Forty non-cholera Vibrio strains isolated from hospitalized patients with acute diarrhoea at the Infectious Diseases Hospital or B. C. Roy Memorial Hospital for Children, Kolkata, India, between 1998 and 2001 were included in this study. These strains were screened for Vibrio cholerae by biochemical and serological tests and by species-specific ompW PCR (Nandi et al., 2000). The oxidase-positive and ompW-negative strains were further characterized using the API 20E identification system (bioMérieux). Salt tolerance was determined by growing the strains at 37 °C on nutrient agar (NA; Difco) plates containing 0 and 7 % NaCl. For identification of the strains, 16S rDNA sequencing (Microseq 500, 16S rDNA Bacterial Sequencing kit; Applied Biosystems) was performed following the manufacturer's instructions using an automated DNA sequencer (ABI Prism 310; Applied Biosystems).
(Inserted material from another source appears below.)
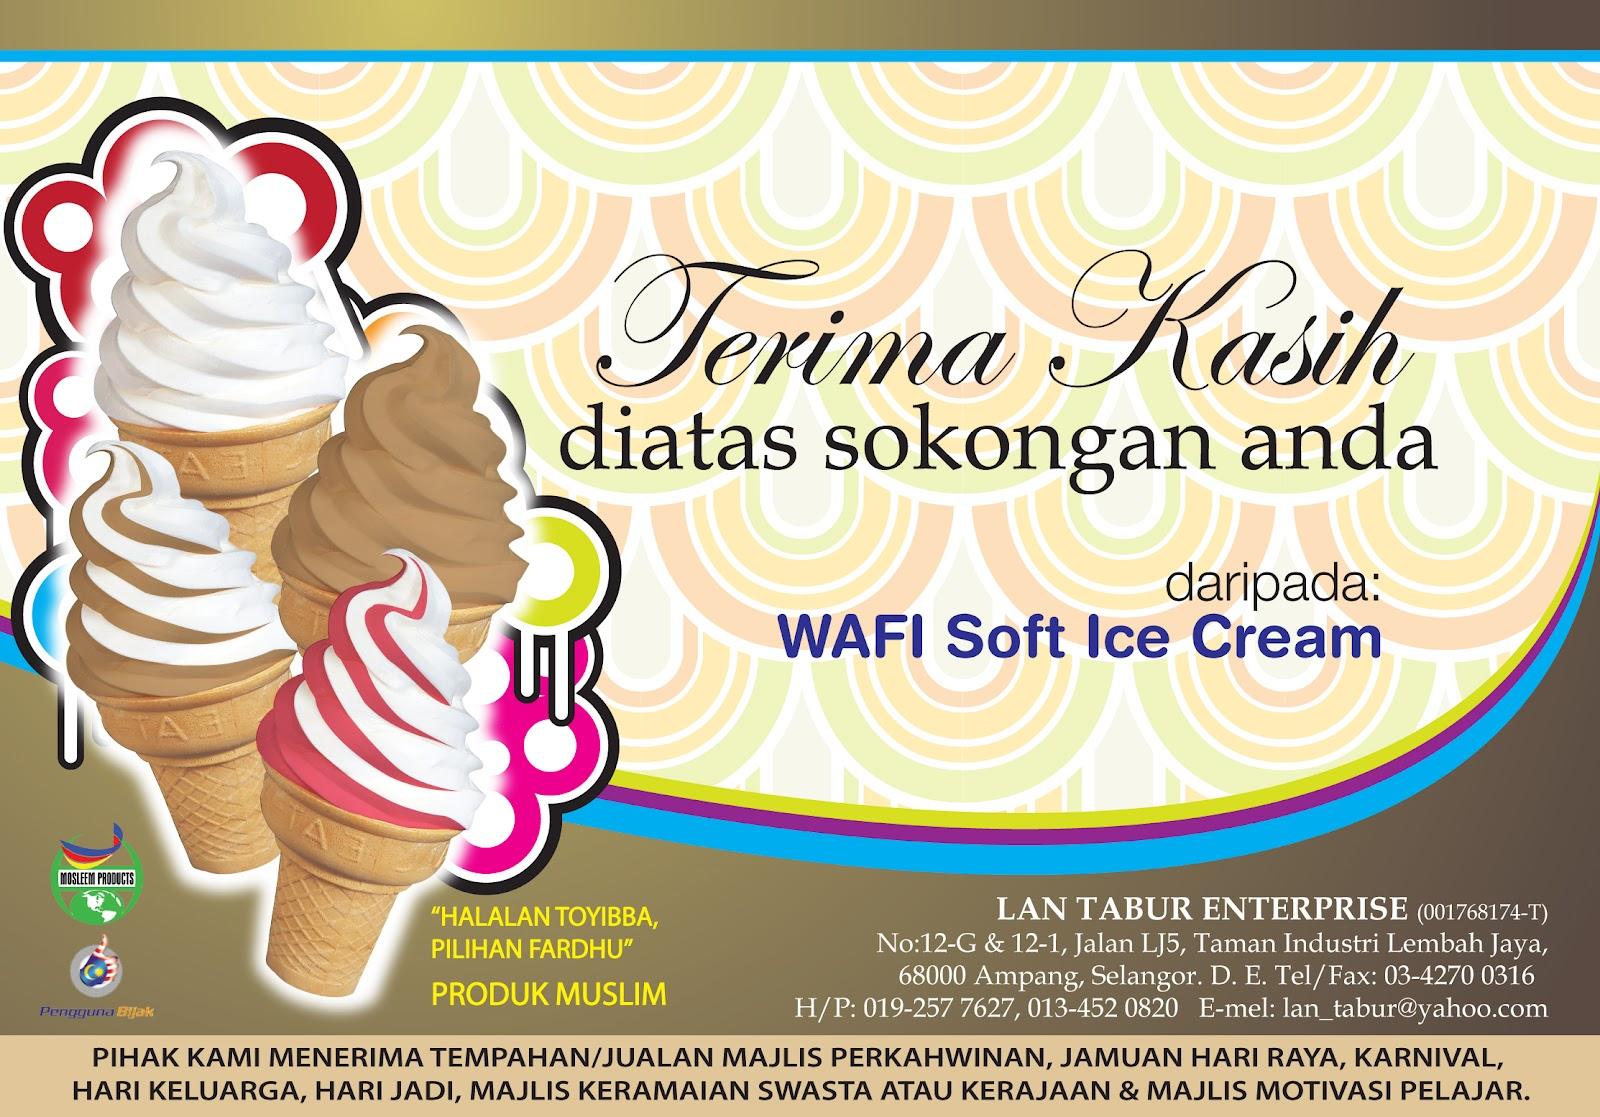 Terima kasih kepada para pelanggan dan pengguna produk Wafi Soft Ice
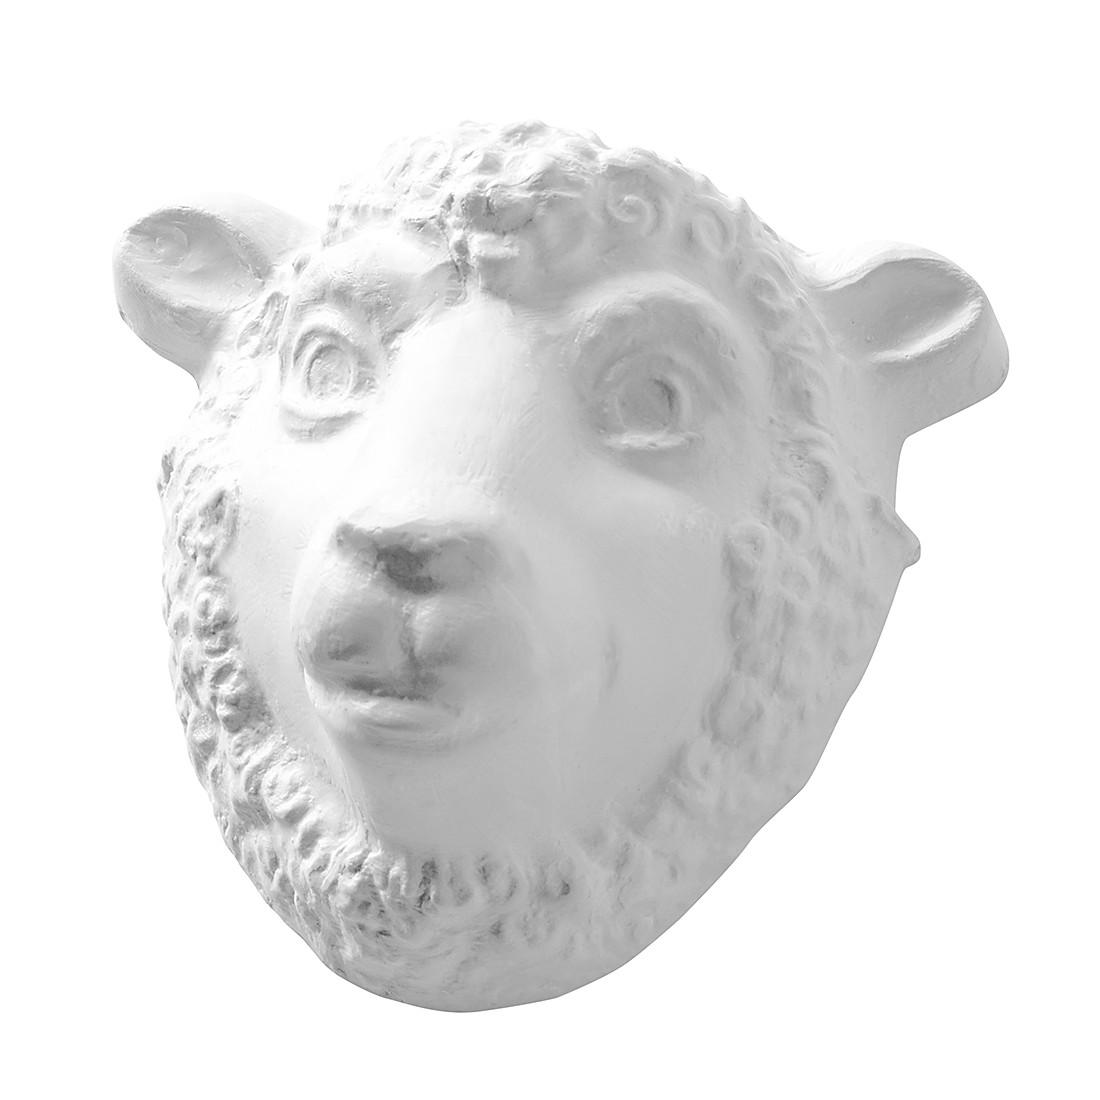 Tierkopf Schaf – Porzellan, Serax jetzt bestellen

To develop a PCR-based method for species-specific identification, primers targeted to the toxR gene of V. fluvialis were first tested with the strains that were previously identified as V. fluvialis by 16S rDNA sequencing (Table 1
). The forward (5'-GACCAGGGCTTTGAGGTGGACGAC-3') and reverse (5'-AGGATACGGCACTTGAGTAAGACTC-3') primers were designed from the TAD and the membrane tether region of the toxR gene of V. fluvialis, respectively (accession no. AF170885; Osorio & Klose, 2000). The membrane tether region is highly variable, but unique for each Vibrio species. For PCR assay, the strains were grown in Luria broth (LB; Difco) containing 1 % NaCl at 37 °C with shaking at 200 r.p.m. overnight. For halophilic vibrios, the LB medium was supplemented with 3 % NaCl. Purified genomic DNA from these strains was used as template in the PCR assay. Amplification was carried out in a thermal cycler (Applied Biosystems) with a standard PCR reaction mixture that contained 50 ng DNA as template, 2.5 µl 10x PCR buffer with 15 mM MgCl2, 0.20 µl (1 U) Taq Polymerase (Takara Shuzo), 2.0 µl 2.5 mM (each) deoxynucleoside triphosphate, 2.5 µl of each primer (10 pmol µl1) and sterile distilled water to make the volume to 25 µl. The amplification conditions were initial denaturation at 94 °C for 5 min, followed by 30 cycles consisting of denaturation at 94 °C for 40 s, annealing at 65 °C for 40 s and extension at 72 °C for 1 min. To detect the sensitivity, the VF-toxR PCR was performed with different concentrations of chromosomal DNA ranging from 10 to 60 ng. PCR products were electrophoresed through 2 % agarose gel to resolve 217 bp amplicons and visualized under UV light in a gel documentation system (Gel-Doc 2000; Bio-Rad) after ethidium bromide staining.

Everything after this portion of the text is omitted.